By Rev. Trey Lyon
“Go to jail together?”
I had heard it too, and the fifth grader sitting next to me, coloring his picture of Dr. Martin Luther King Jr., cocked his head to the side and looked at me. The truth is I had never noticed the phrase. “I have a dream today” that part I knew. “That one day every valley shall be exalted and the crooked places made straight.” I knew that part too–it’s Isaiah, after all.
“With this faith we will be able to work together, to pray together, to struggle together, to go to jail together, to stand up for freedom together, knowing that we will be free one day.” That sounded good–but “go to jail together?”
Somehow I missed that one over the years.
Antonio had heard it too. “Yeah–go to jail together.” I said. “You know, like how people had to fight for their rights–sit-ins at lunch counters–or even the way people protest now to get their voice heard.”
“Oh yeah” Antonio said, in a voice loud enough to startle the third grader next to him. “I remember learning about that. Why would people do that?”
I said they did it because they believed in something. Because sometimes the law is not right–it’s not just. And when the law is not just, the right thing to do is to draw attention to the right thing and work to change the wrong–even if it means breaking the law. I told him about my friend who was recently arrested for courageously trying to draw attention to a politician’s long history of racist statements and actions.
I told him what I thought was the right answer, but I was telling myself that too. I knew we should pray together, work together, struggle together–but go to jail together?
I had never noticed that before–perhaps because I didn’t want to notice. Maybe that’s getting too psychological, but Dr. King was fascinated by psychology. In a speech at Western Michigan University in 1963 he spoke of the necessity for psychology to identify and rectify maladjustment, especially among children. But as the Dreamer was wont to do, he didn’t stop there, but turned that idea saying that with regard to many things he hoped he remained firmly maladjusted.

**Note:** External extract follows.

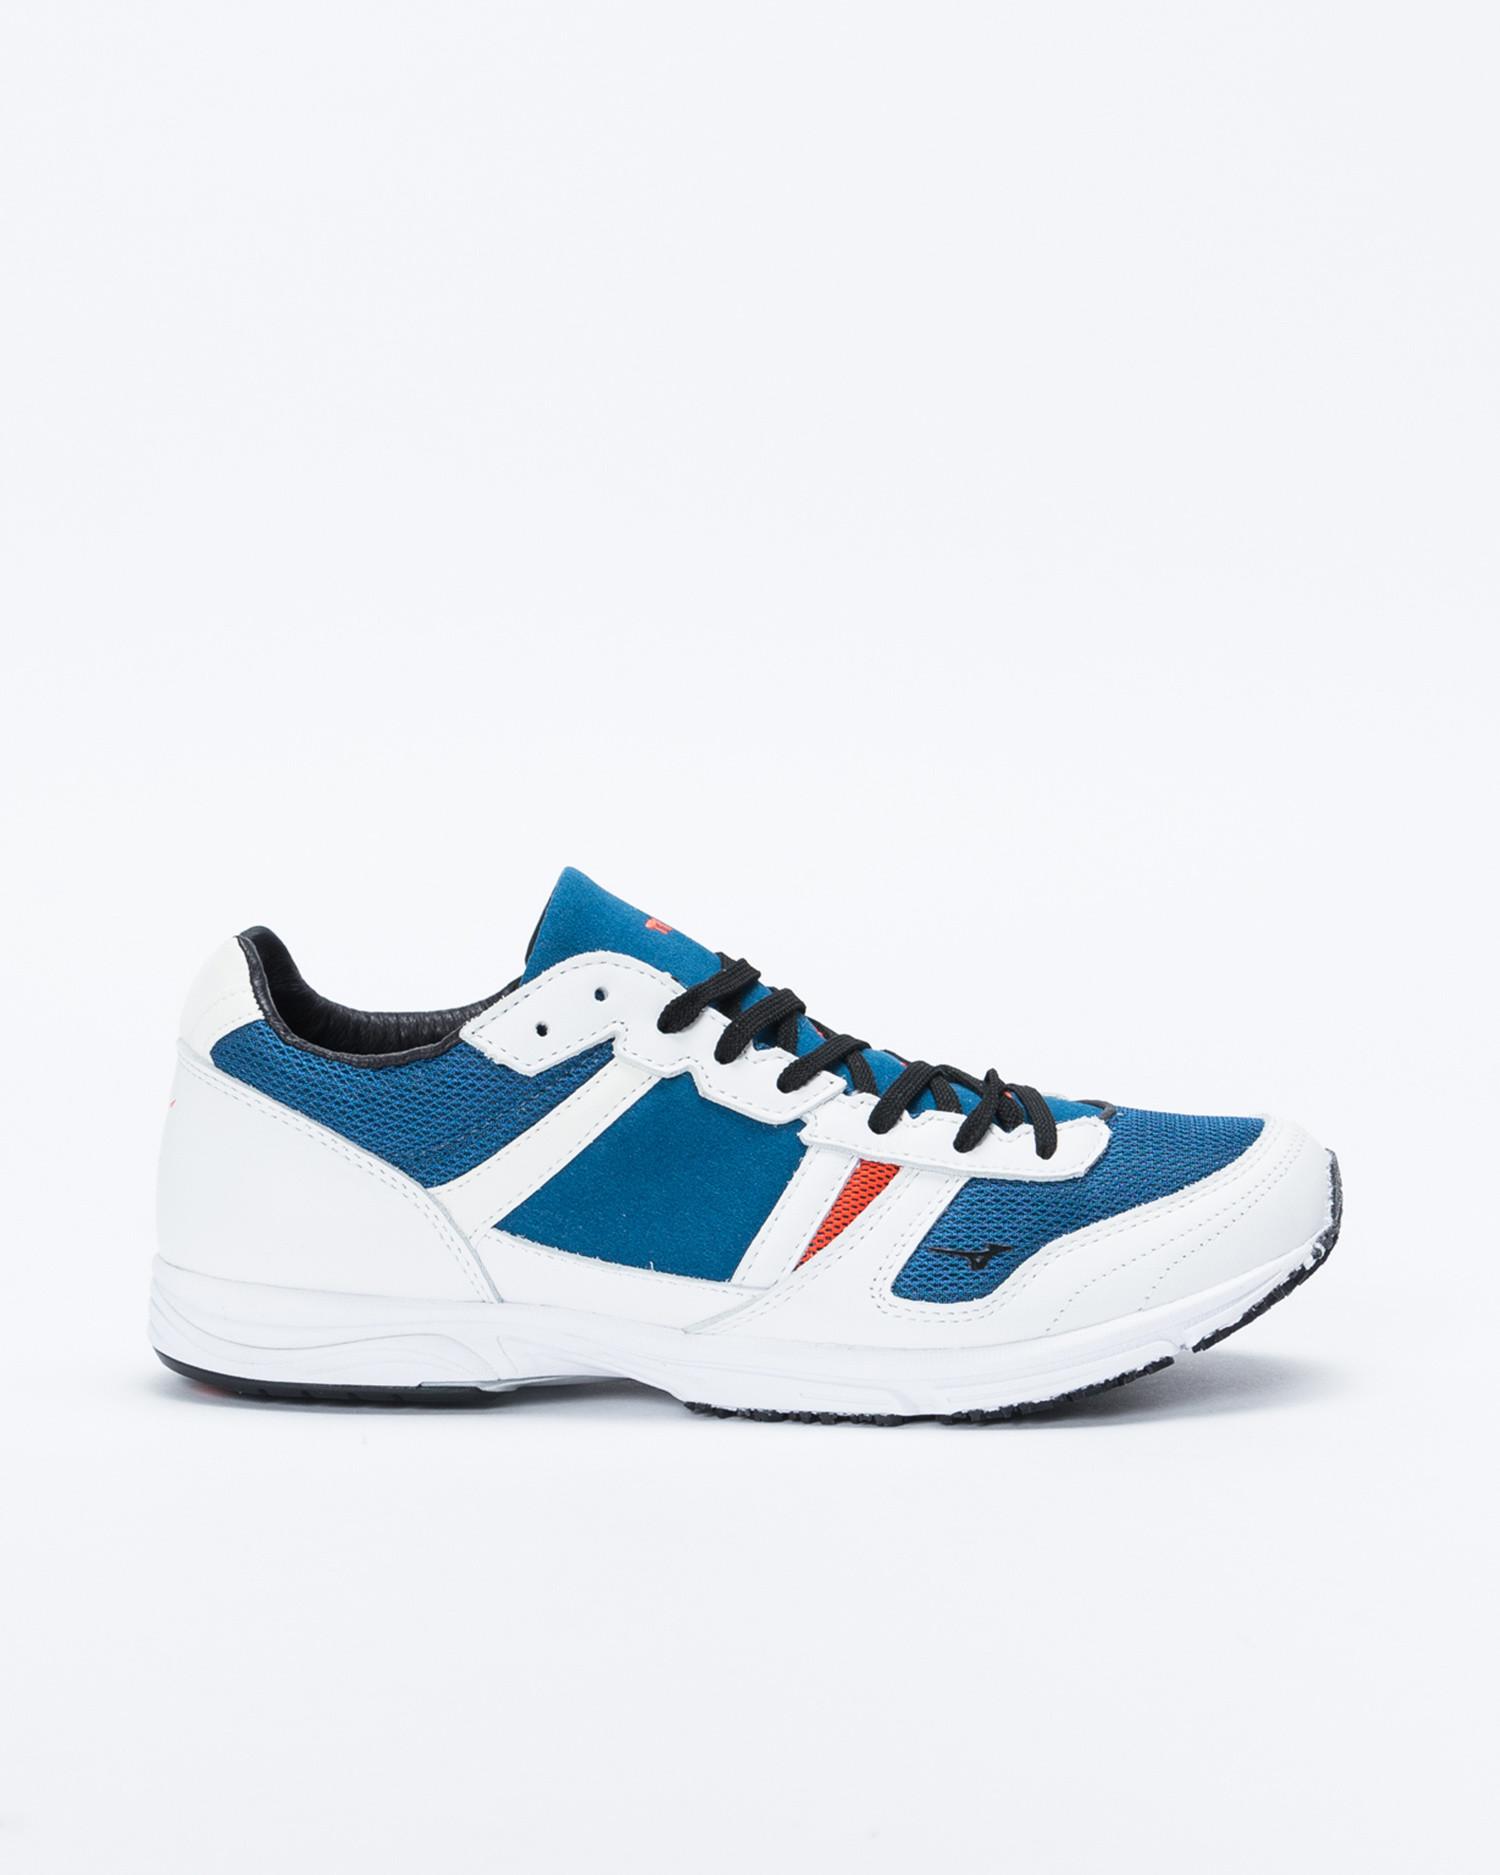 Futur x Mizuno Wave Emperor Olympic Blue

“I say very honestly that I never intend to become adjusted to segregation and discrimination. I never intend to become adjusted to religious bigotry. I never intend to adjust myself to economic conditions that will take necessities from the many to give luxuries to the few.”
This would be the genesis of one of his set pieces–that to be a true person of conscience, much less a citizen of the Kingdom of God, one must be always “maladjusted to injustice.” King turns to his favorite prophet, Amos, calling for the creation of a new organization: “The International Association for the Advancement of Creative Maladjustment.”
A few weeks ago I preached on Amos and was struck by the image of the plumb line. My dad and granddad are both engineers, so I was about 14 when I saw an odd looking paperweight in my dad’s study that I later found out was an antique plumb bob used by my great grandfather to build homes and a couple of stone churches. Dad explained how the plumb bob worked–how it had been used to build the pyramids of Egypt, the Parthenon in Greece, cathedrals across Europe, and the rock house of my forefathers in North Georgia.
Amos says God was establishing a plumb line among God’s people–a standard of justice by which all human standards of justice must be measured. King channeled that same imagery–in his speech about creative maladjustment in Michigan and in his more famous dream interpretation on the Washington Mall.
When it comes to the prophets, we tend to remember the beautiful images–justice rolling down like waters, dreams of children holding hands–righteousness like flowing streams, tables of brother and sisterhood. But that wasn’t the prophets whole message, whether they hail from Tekoa or Sweet Auburn.
In King’s case, the creatively maladjusted one stood in the shadow of Washington’s monument- a shadow that still bears silent witness to the 123 slaves our most famous founder owned-and in front of the Great Emancipator. In that space between the greats he dares speak to that history–the promissory note of freedom and equality for all–taking the allegorical read of the Founders over the literalist–that the freedom was intended for all, not just the five-fifths folks.
King says the promissory note has been returned “insufficient funds.” America’s check has bounced. The prophet says that hopes for peace will not come before justice, promising that those who “hope that the Negro will blow off steam and now be content will be in for a rude awakening if that nation returns to business as usual.” This, too, is Dr. King. It’s harder to imagine it on a postage stamp, or recited at the elementary school assembly, but if we take the dream as canon, we must also take the reckoning.
There cannot be justice unless it is God’s justice. Anything else is a leaning house, a crooked frame. The prophets know that and they call us to it. They calls us to a holy maladjustment at the justice of our culture because, as the plumb line knows gravity, we too know a higher law.
That higher law calls us to pray together, to work together and yes, to go to jail together. It means asking questions about why the jail is there in the the first place and why some folks are long term residents while others get out freer than a Monopoly game. We ought to hold the plumb line up the jail house…and the school house…and the court house…and the White House. And if it doesn’t square up, well–the International Association for the Advancement of Creative Maladjustment always welcomes new chapters.